╭─ Supplied records

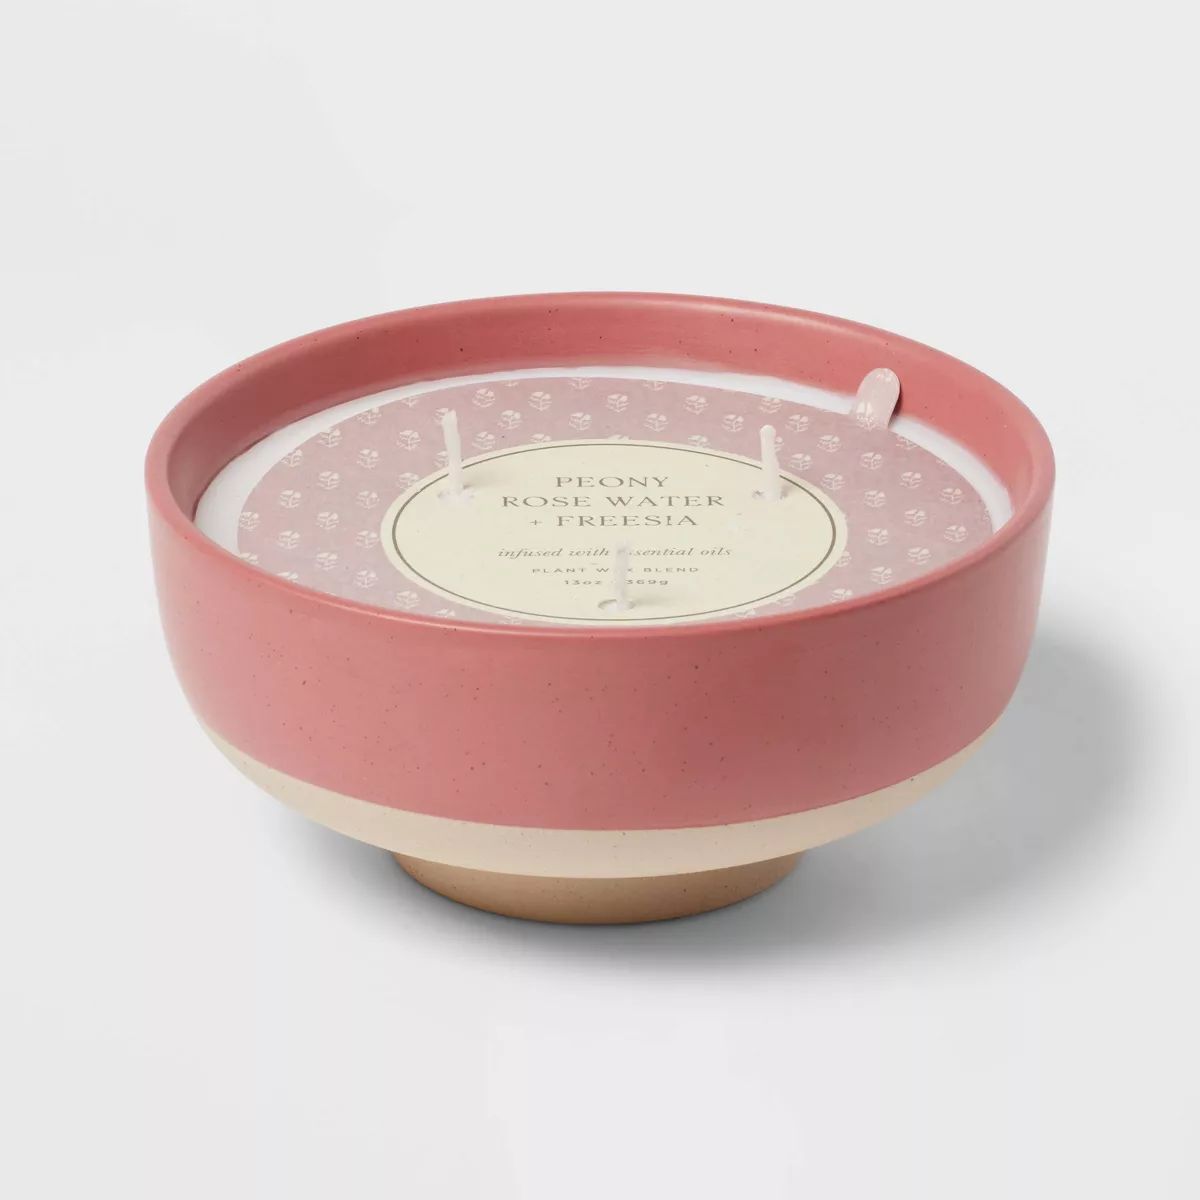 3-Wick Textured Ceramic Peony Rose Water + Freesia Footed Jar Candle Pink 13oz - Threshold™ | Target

╰─
╭─ Supplied records

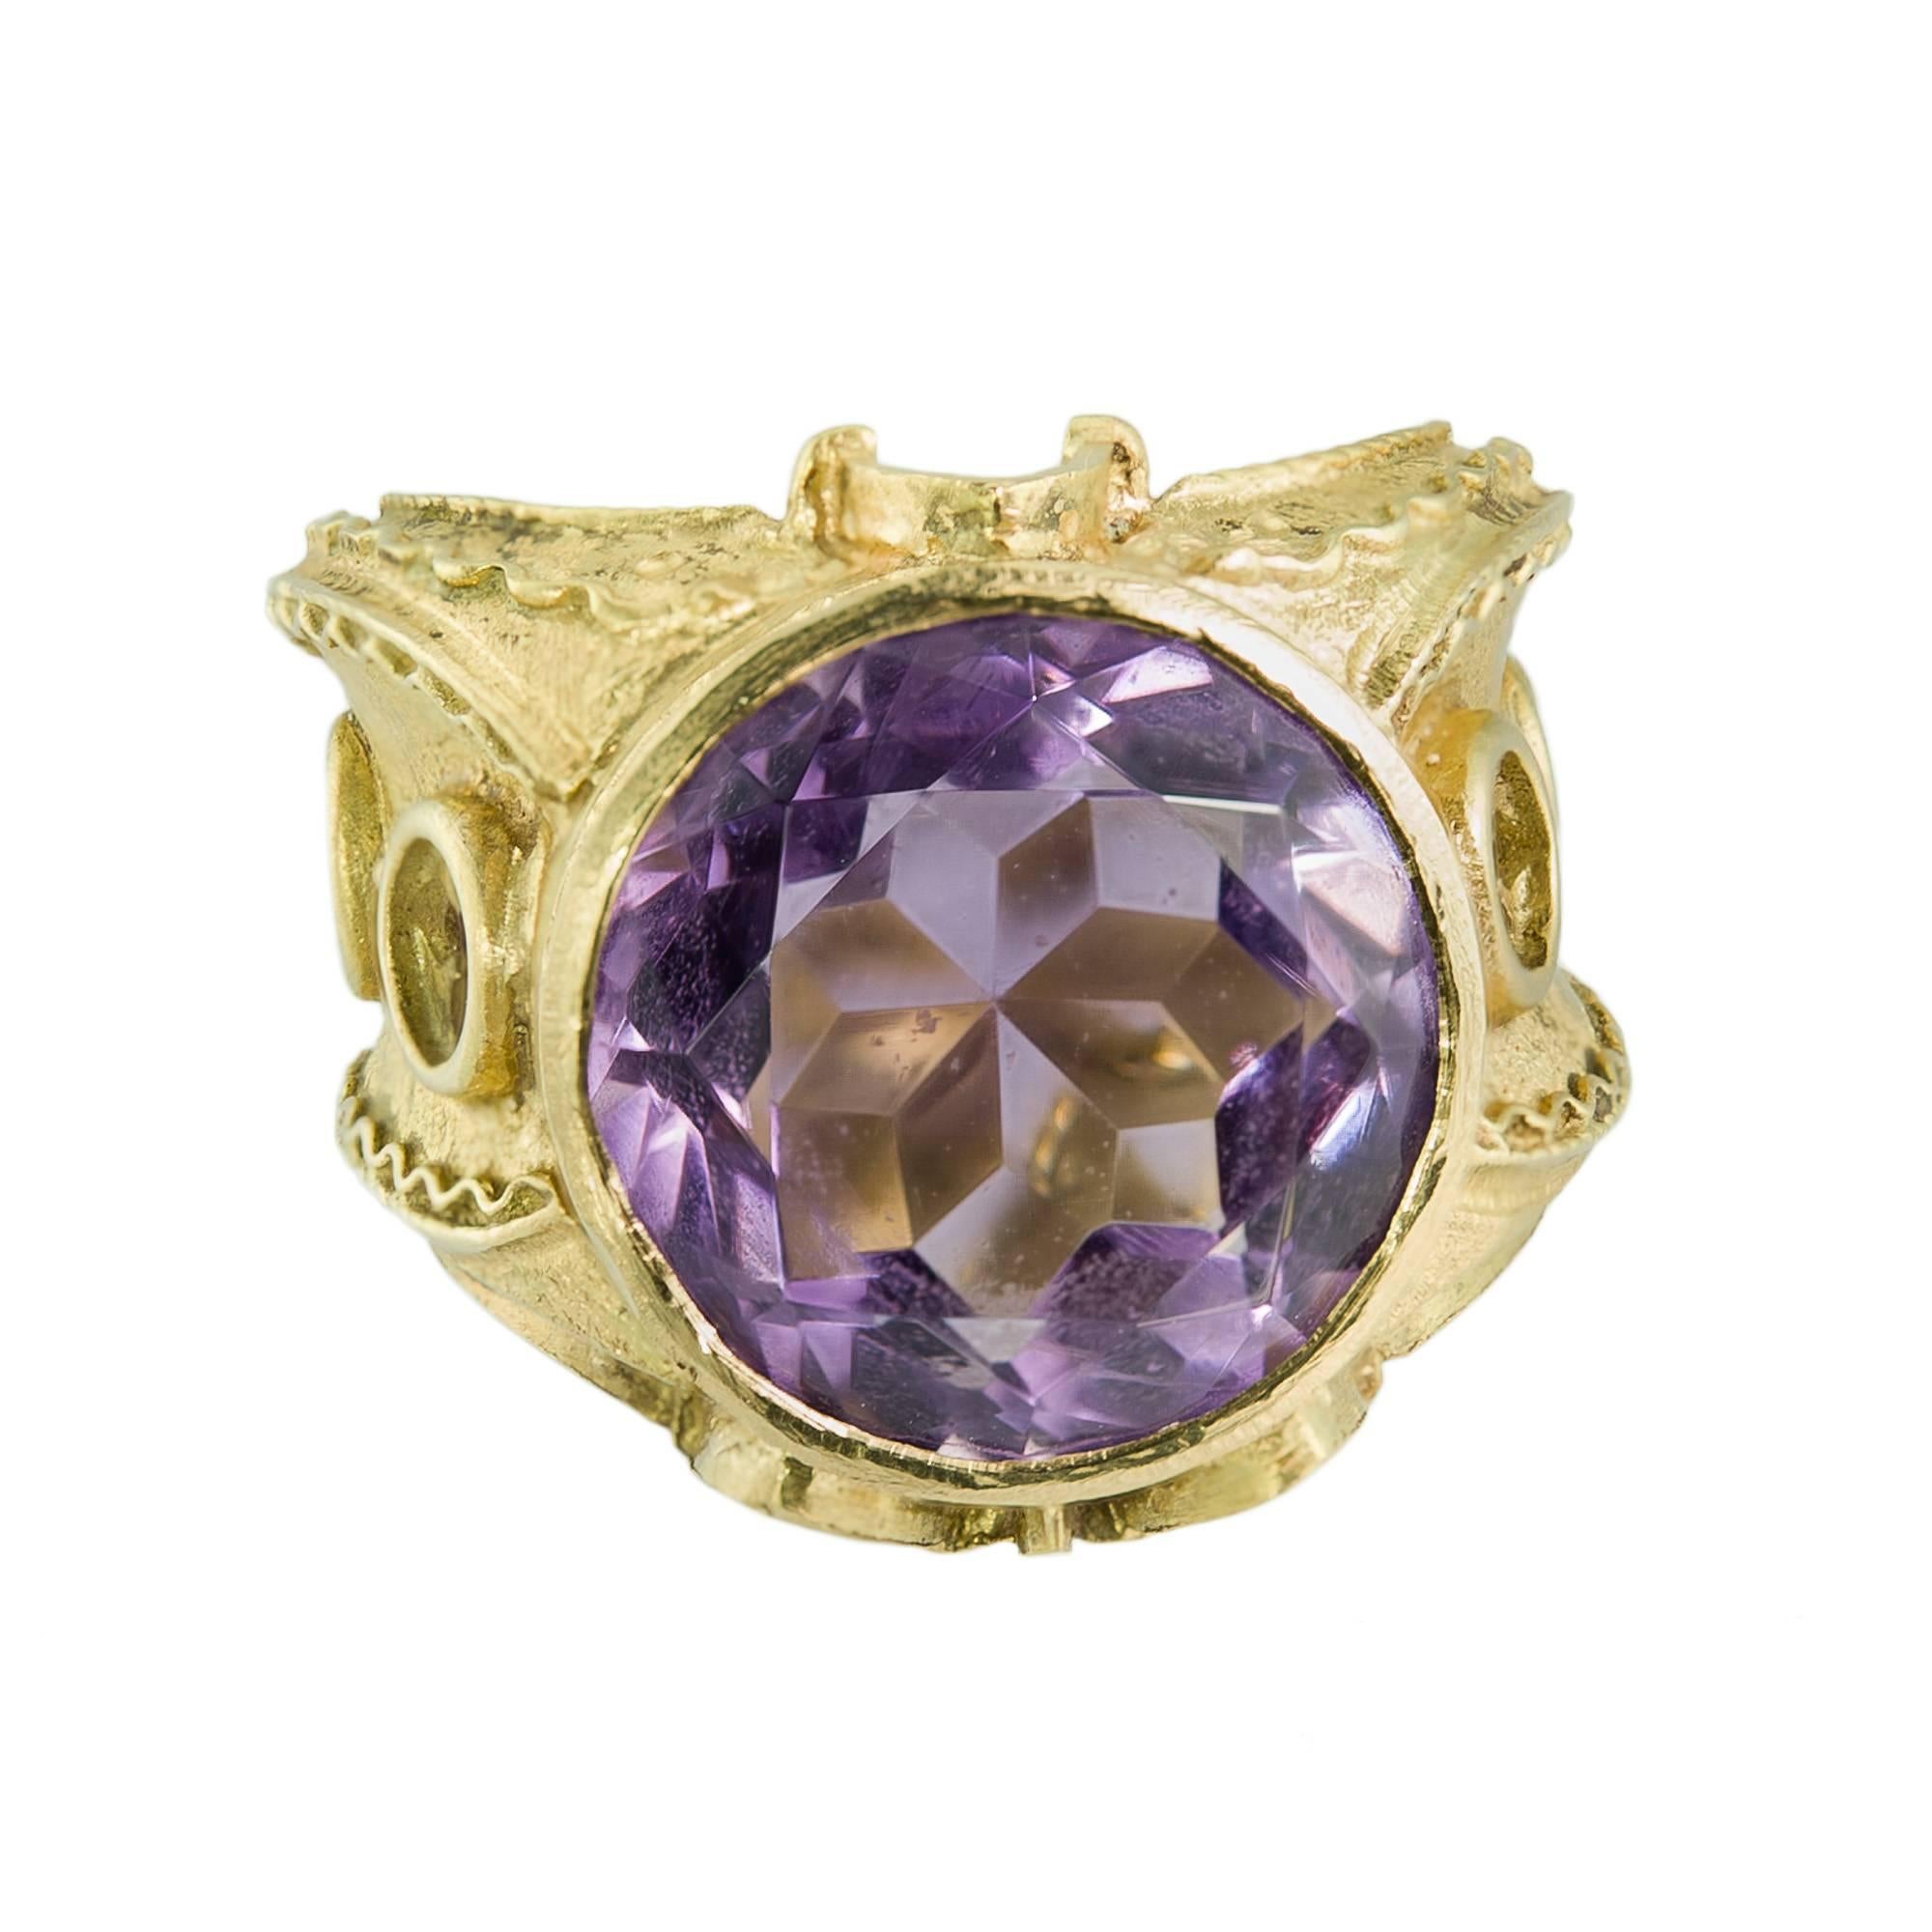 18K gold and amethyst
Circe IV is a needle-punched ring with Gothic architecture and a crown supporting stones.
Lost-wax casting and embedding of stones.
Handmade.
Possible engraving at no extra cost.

╰─

* [Work request]:
The answer is the lines of the material above, from the one containing "18K gold and amethyst" down to the one containing "Possible engraving at no extra cost.", given exactly and without images.

* [Response to this exercise]:
 18K gold and amethyst
Circe IV is a needle-punched ring with Gothic architecture and a crown supporting stones.
Lost-wax casting and embedding of stones.
Handmade.
Possible engraving at no extra cost.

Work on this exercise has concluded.